You can use both levels simultaneously — global Continue mode but StopOnFirstFailure on specific properties:

public class CreateOrderValidator : AbstractValidator<CreateOrderRequest>
{
// Global mode: evaluates all properties even if some fail
protected override CascadeMode GlobalCascadeMode => CascadeMode.Continue;

public CreateOrderValidator()
{
// This property stops on first failure (avoids DB call if empty)
RuleFor(x => x.CustomerId)
.NotEmpty()
.MustAsync(async id => await _customers.ExistsAsync(id))
.StopOnFirstFailure();

// This property also stops (avoids NRE if Card is null)
RuleFor(x => x.CardNumber)
.NotEmpty()
.CreditCard()
.StopOnFirstFailure();

// This property evaluates all its rules (default mode)
RuleFor(x => x.Notes)
.MaximumLength(500)
.NoWhitespace();
}
}

When to Use Each Mode

Use StopOnFirstFailure per property when:

  1. Later rules may throw exceptions if earlier ones did not pass (e.g. null in a rule that expects a string)
  2. There are expensive async rules that should not run if a basic validation already failed
  3. Accumulated messages would be confusing (e.g. "is null" and "format is invalid" for the same field)

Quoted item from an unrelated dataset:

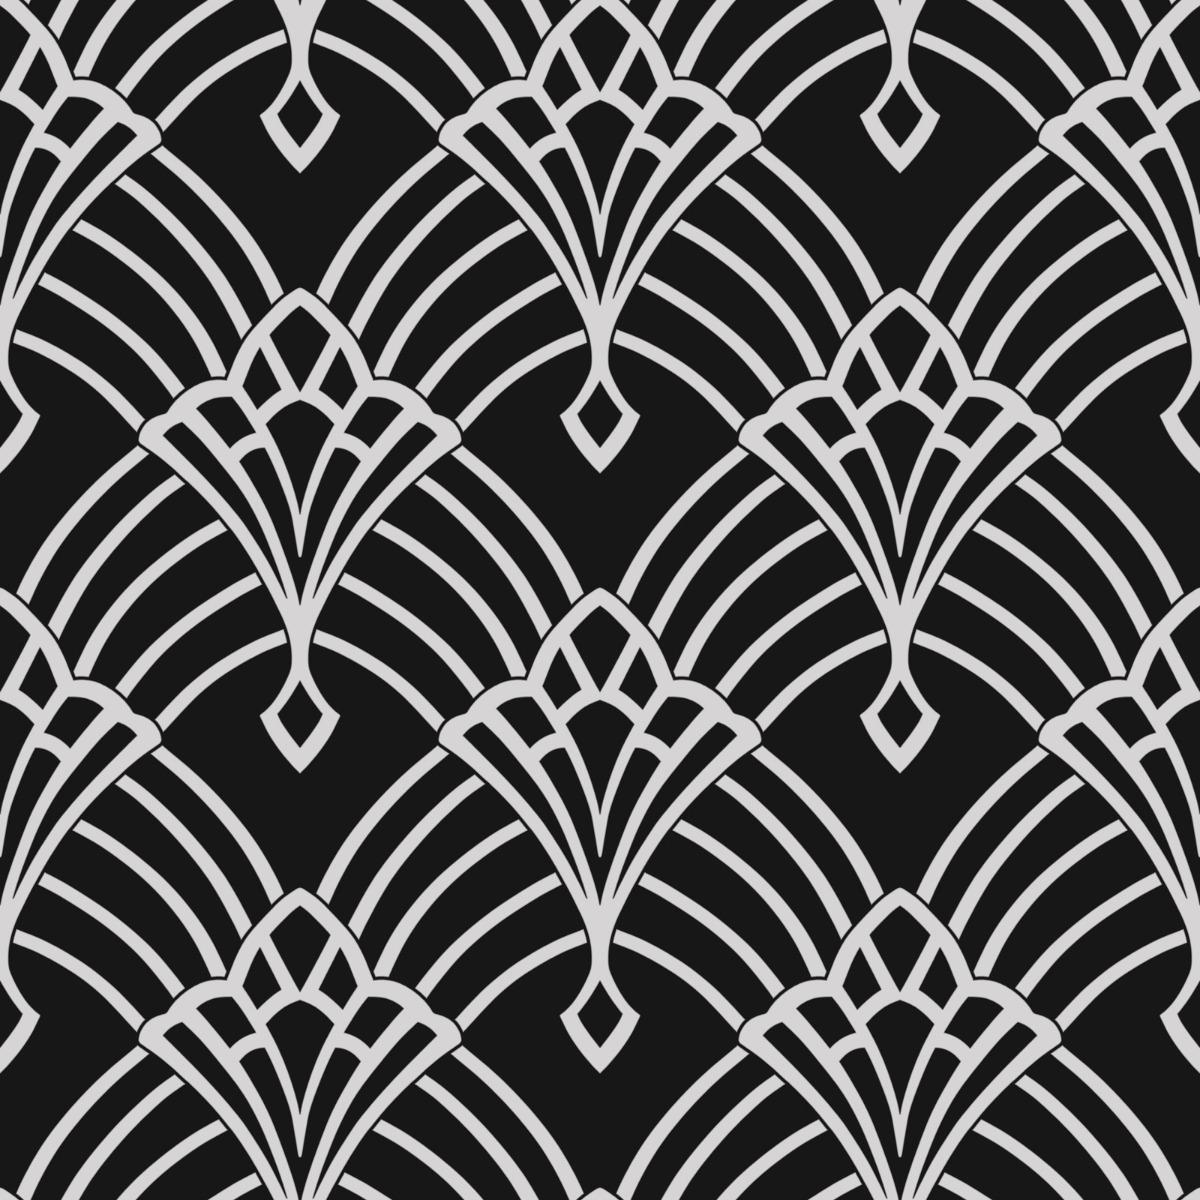 Waldorf Deco Wallpaper Black Silver World Of Wallpaper 274430
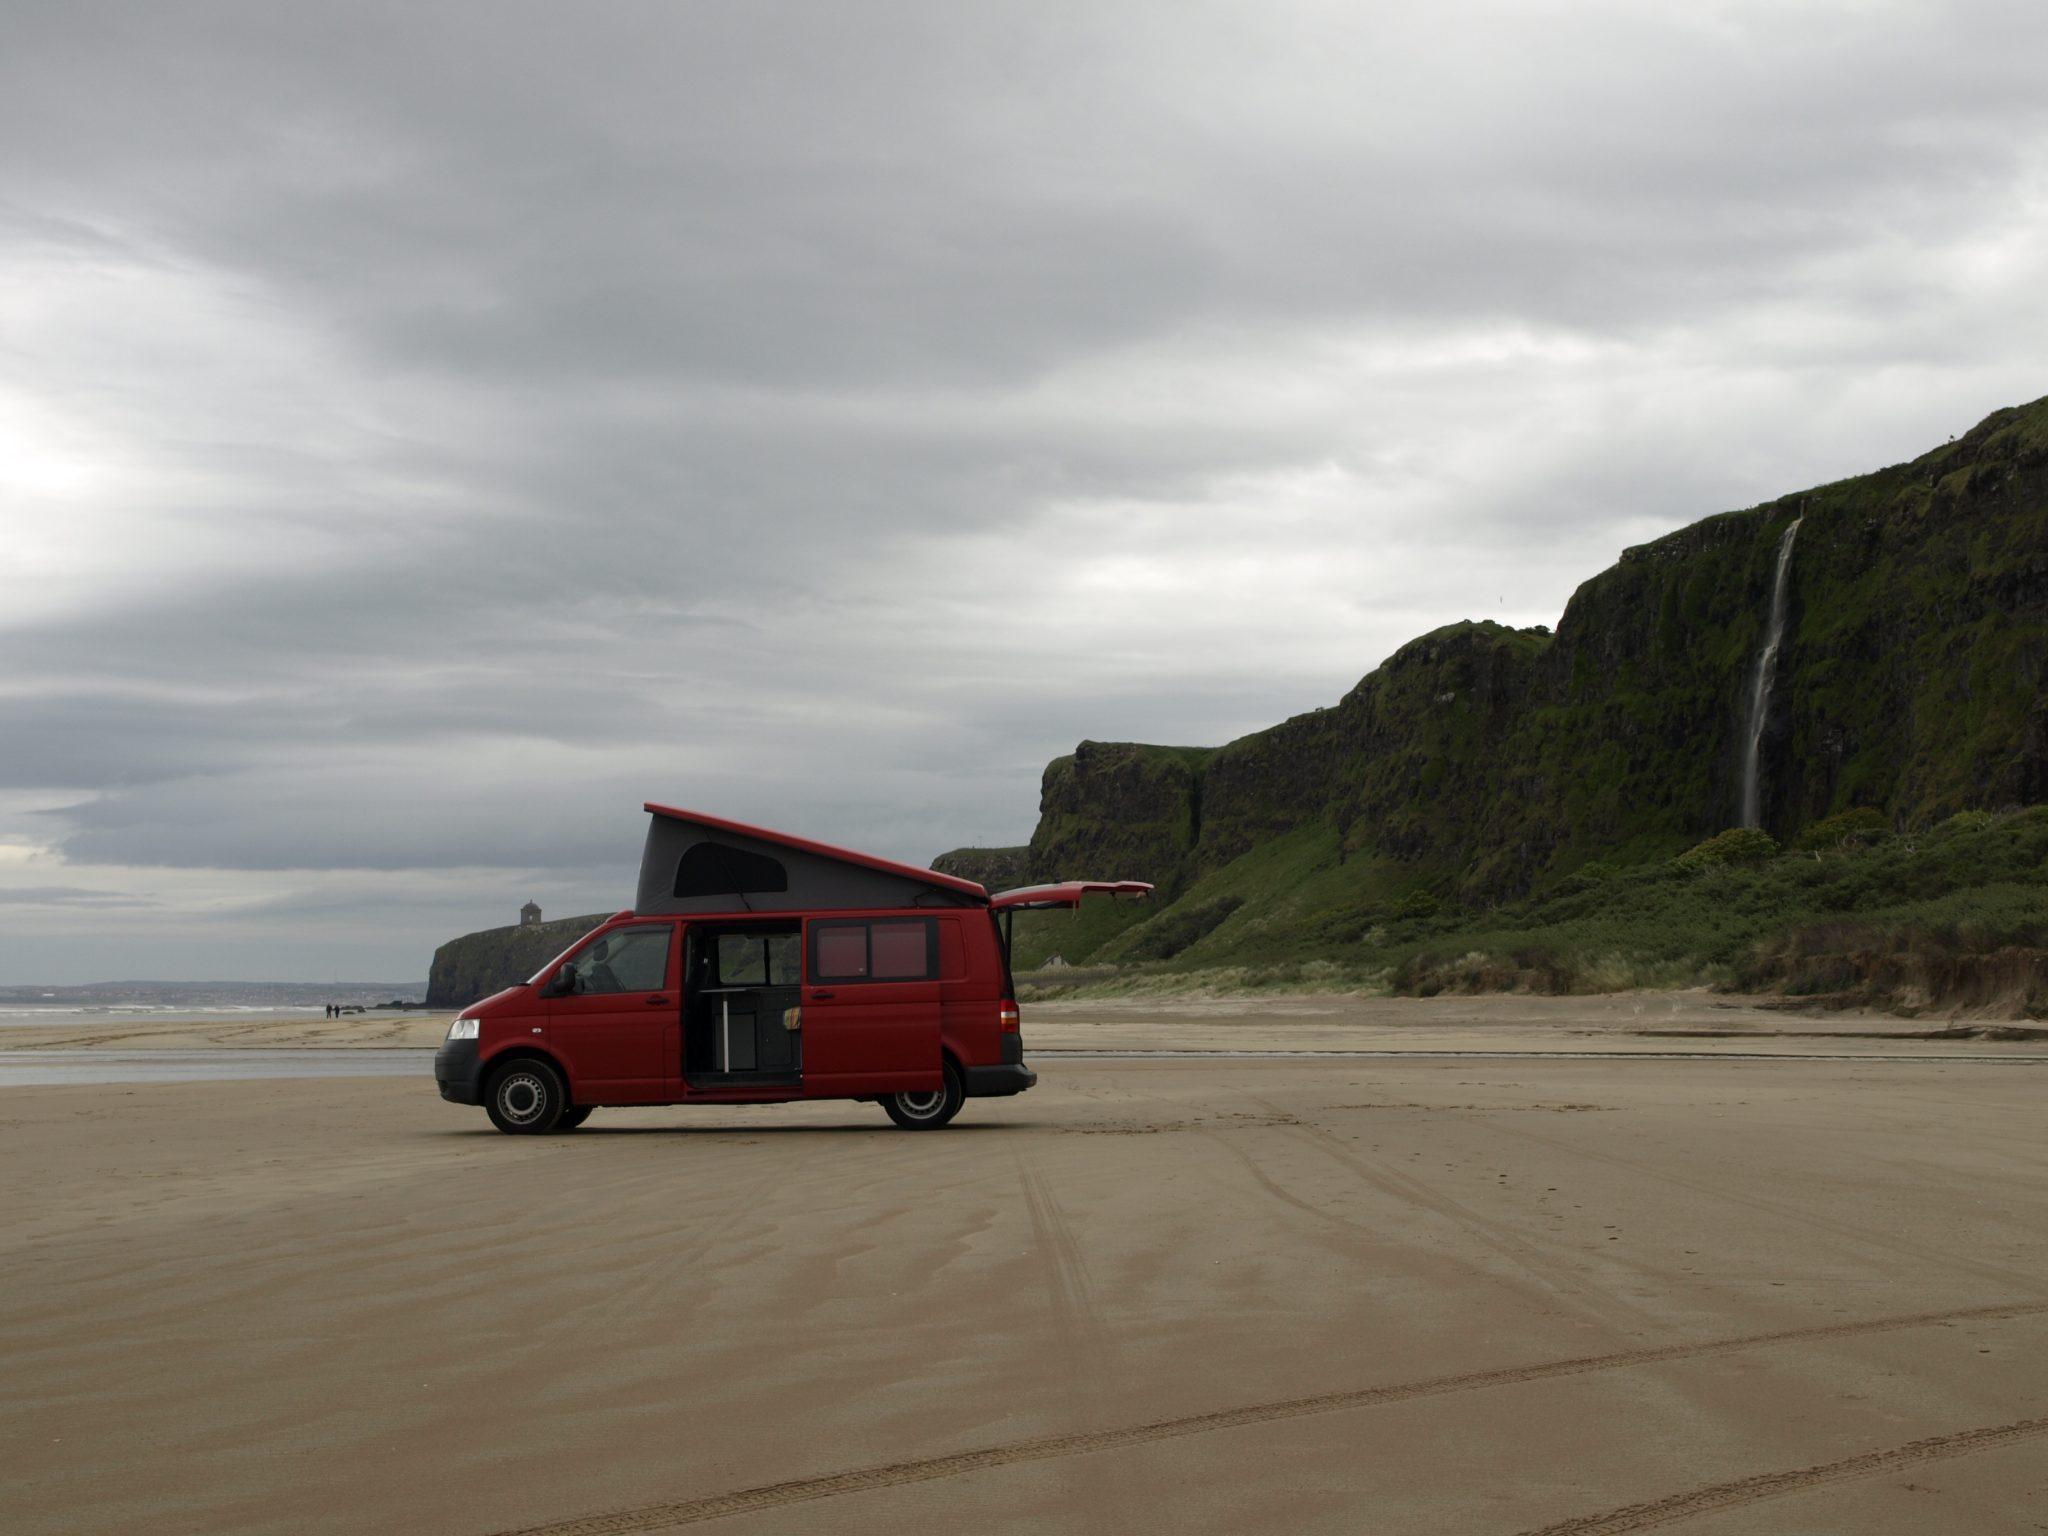 campervan beach

Use GlobalCascadeMode = StopOnFirstFailure when:

  1. Validation of the first field is a prerequisite for the others
  2. Performance is critical and you want to minimize validation work
  3. You prefer incremental feedback (one property at a time) instead of all errors at once

Use Continue (default) when:

  1. You want to show all errors at once (better UX in forms)
  2. Rules are independent and there is no risk of cascading exceptions
  3. You are in an API where the client wants to know all problems with the request

Comparative Example: Registration Form

// Form UX: show all errors to the user at once
public class RegistrationFormValidator : AbstractValidator<RegistrationForm>
{
public RegistrationFormValidator()
{
RuleFor(x => x.Email)
.NotEmpty().Email().StopOnFirstFailure();

RuleFor(x => x.Password)
.NotEmpty().MinimumLength(8).HasUppercase().HasLowercase().HasDigit().HasSpecialChar();
// No StopOnFirstFailure: the user will see all requirements they do not meet

RuleFor(x => x.ConfirmPassword)
.NotEmpty()
.EqualToProperty(x => x.Password)
.StopOnFirstFailure();
}
}

With Password = "abc" (no uppercase, no digit, no special character):

{
"Password": [
"The password must have at least 8 characters.",
"Must contain at least one uppercase letter.",
"Must contain at least one number.",
"Must contain at least one special character."